Artists, intellectuals, students: we have had enough. It is necessary, perhaps, to be indulgent against them: it seems to me that, since 68, the majority of the SI's attacks on them, violent though they were, risked being objectively pedagogical rather than exemplary. On the contrary, like the workers, we don't have to be indulgent (cf. the last text by Christian: "it will not be necessary to be tender with them").

It will be necessary for us to be more and more intolerant of justifications (beginning with our own): we know that they exist, if one goes in search of them, but we also know that it is the old world that produces them for its own benefit and that they will one day cease to exist. We have quite naturally chosen to be collectively and individually compromised with the proletariat; it is necessary that the proletarians, who are our next interlocutors, begin to compromise directly with us. It seems to me, for example, that it is Italy that one can know and critique the workers for what they have and haven't done, for example, in response to the events of December 1969.

In Europe, at least in the countries in which they are sections of the SI, the workers can be criticized for not fully living up to their potential, even as they have begun speaking to and criticizing themselves (it goes without saying that it is useless, even academic, for us to criticize the workers before communicating with them: this is the importance of "The Wildcat Striker's Notebook."

It seems to me that the text of Paolo [Salvadori] is particularly remarkable for the problems that it approached, for beginning the discussion of strategy that Raoul wished to take up in his last text. To be precise, as Paolo tried to be, about moving closer to the realization of a classless society -- this was already sketched out in the lines of force of our positive strategy. One of our goals, at least as we've defined them, has been to supercede being a "group of theoreticians." "But if we can't go beyond theory by engaging in practice, we can't confront practice according to the means of our own theory" (Paolo). And, even more trivially, as the interventions of this debate have made clear, it is obvious that the SI can't actually and definitely supercede being a "group of theoreticians" even if its theoretical production is quantatively superior to what has been so far (cf. Riesel and others on this point).

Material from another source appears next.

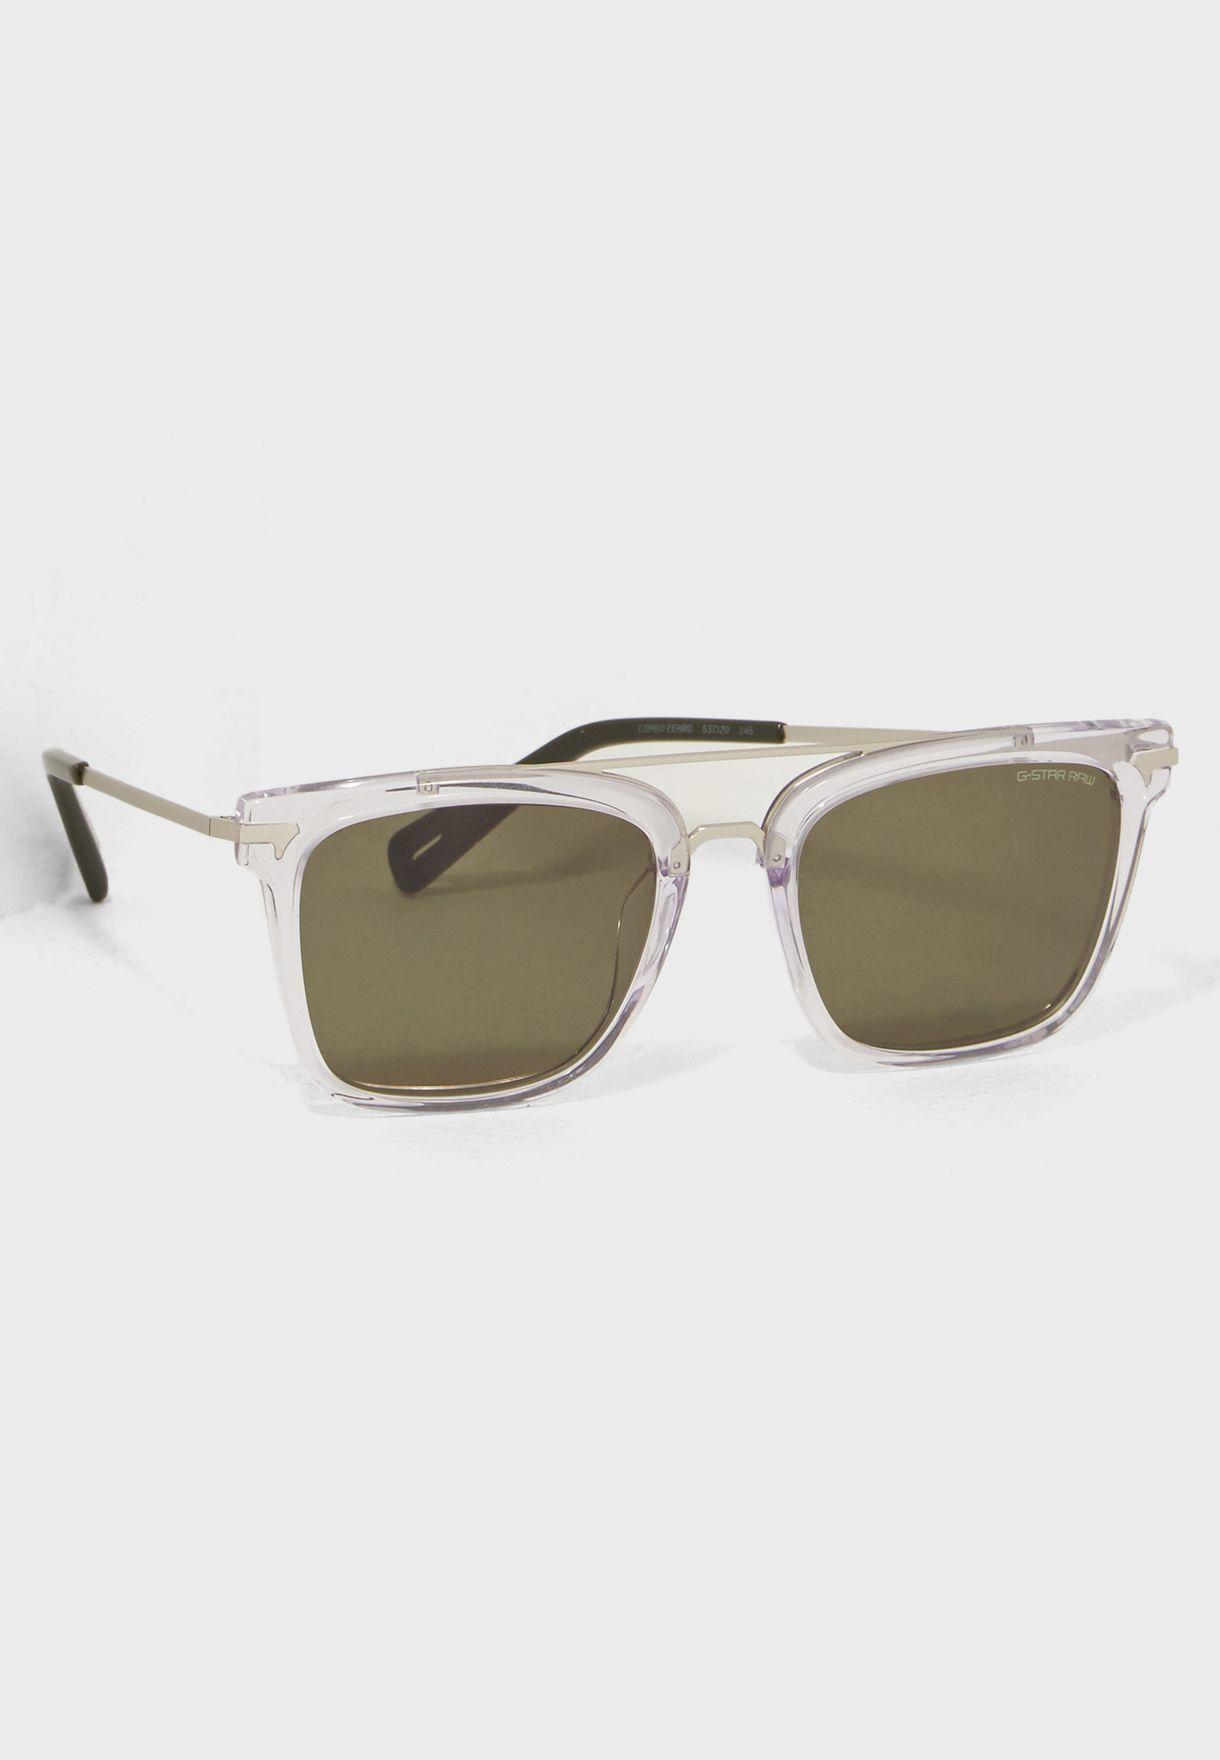 0d3d3d05648 Shop Gstar grey Eehro Sunglasses GS661S COMBO EEHRO for Men in Saudi -  GS327AC06LHH

Another point. If one can say that France and Italy, and perhaps Spain and Scandanavia, have been very well served by [Debord's] Theses of April 1968, one must also put them to work in England, the USA, Germany, etc. It is time that the SI had a good journal in English. It seems to me that we merit one, just as the proletarians in the USA, England and Germany merit us. Without doubt, with one or two films, it would easier for us to penetrate into these countries than if we employed texts (here is another reason to speed up work in the cinema).

More abstractly, concerning our strategy, one can say that the SI only poses problems that it can solve, but also that, today, the SI can solve many more problems than it has posed.

This will not be without difficulties; as elsewhere, nothing is accomplished without effort. But the value of the changes the SI is making will not be measured by cost, but by what has been gained by the accomplishment. The SI must continue to produce situationists; but now it can't produce them by producing other things (cf. Riesel " . . . make more and other things"). Comrades, if we want to once again astonish this world, we must act quickly.

The problems posed by this debate are problems of choice and knowing how to choose. In general, one will know that the debate has ended when we have very precisely and practically defined all that no longer interests us, all that can engage us, and, finally, our time-frames. From this point of view, we are already at a good point. From here, the discussion can take two different directions: towards a long-term, deep and precise delineation of the fundamental questions of strategy and the development of theoretical questions already posed or to be posed; or towards the rapid precision of the times and modes of realization that we have discussed and decided upon (I am speaking of modes because, it goes without saying, these realizations will be international in the double sense that comrades from all sections of our organization will participate in their theoretical construction and in putting them into practice in several different countries: choosing work crews, fixing meetings, aiding the actions of numerically weaker sections, etc).

3. Some modest propositions "on the economy," in comparison with the debate on the workers' condition

Without wanting to fall into Marx's tendency or its inverse, I propose that we pay a great deal of theoretical attention to economic problems, even if this subject isn't one of the most passionate. However, all the modifications and veritable changes that have been produced in this domain over the course of the last half-century render it more interesting.

Today more than ever, it can't be a question of forseeing any economic "crisis" or deriving from this vision the mythological "necessity" of social crisis. On the contrary, because there is already a grave social crisis, it is the smooth functioning of the economic sector that is directly implicated. One saw this in [France in] May [1968] and afterwards. One also sees it in Italy (and in the USA and the USSR, too).

No revolutionary dialectician since Marx -- except maybe the SI -- has said anything really new on the subject of the development of capital. Of course, most commentators on capital have been specialists in and for survival. It is now necessary for us to completely "demystify" this "monstrous" argument [survivalism]. In Italy, as elsewhere, one has long known that "the intelligence of capital" (power, too) resides in the stupidity of those who believe in it, generally Leftist ideologues who attribute intelligence to capital so that they can justify the impotence of their "struggle" against it. This is so true that one is sometimes astonished by the infrequent moments of relative lucidity (bombs [such as those of December 1969], etc). And if capital is sometimes or more and more forced to be lucid, this demonstrates the precariousness of its general state and the habitual nature of its stupidity. Capital is suspicious of the workers, because they are the weakness of this system of production; but capital must remain totally aware of them; the Communist Party and the unions must make even the simplest things difficult, even impossible. And all that comes easily.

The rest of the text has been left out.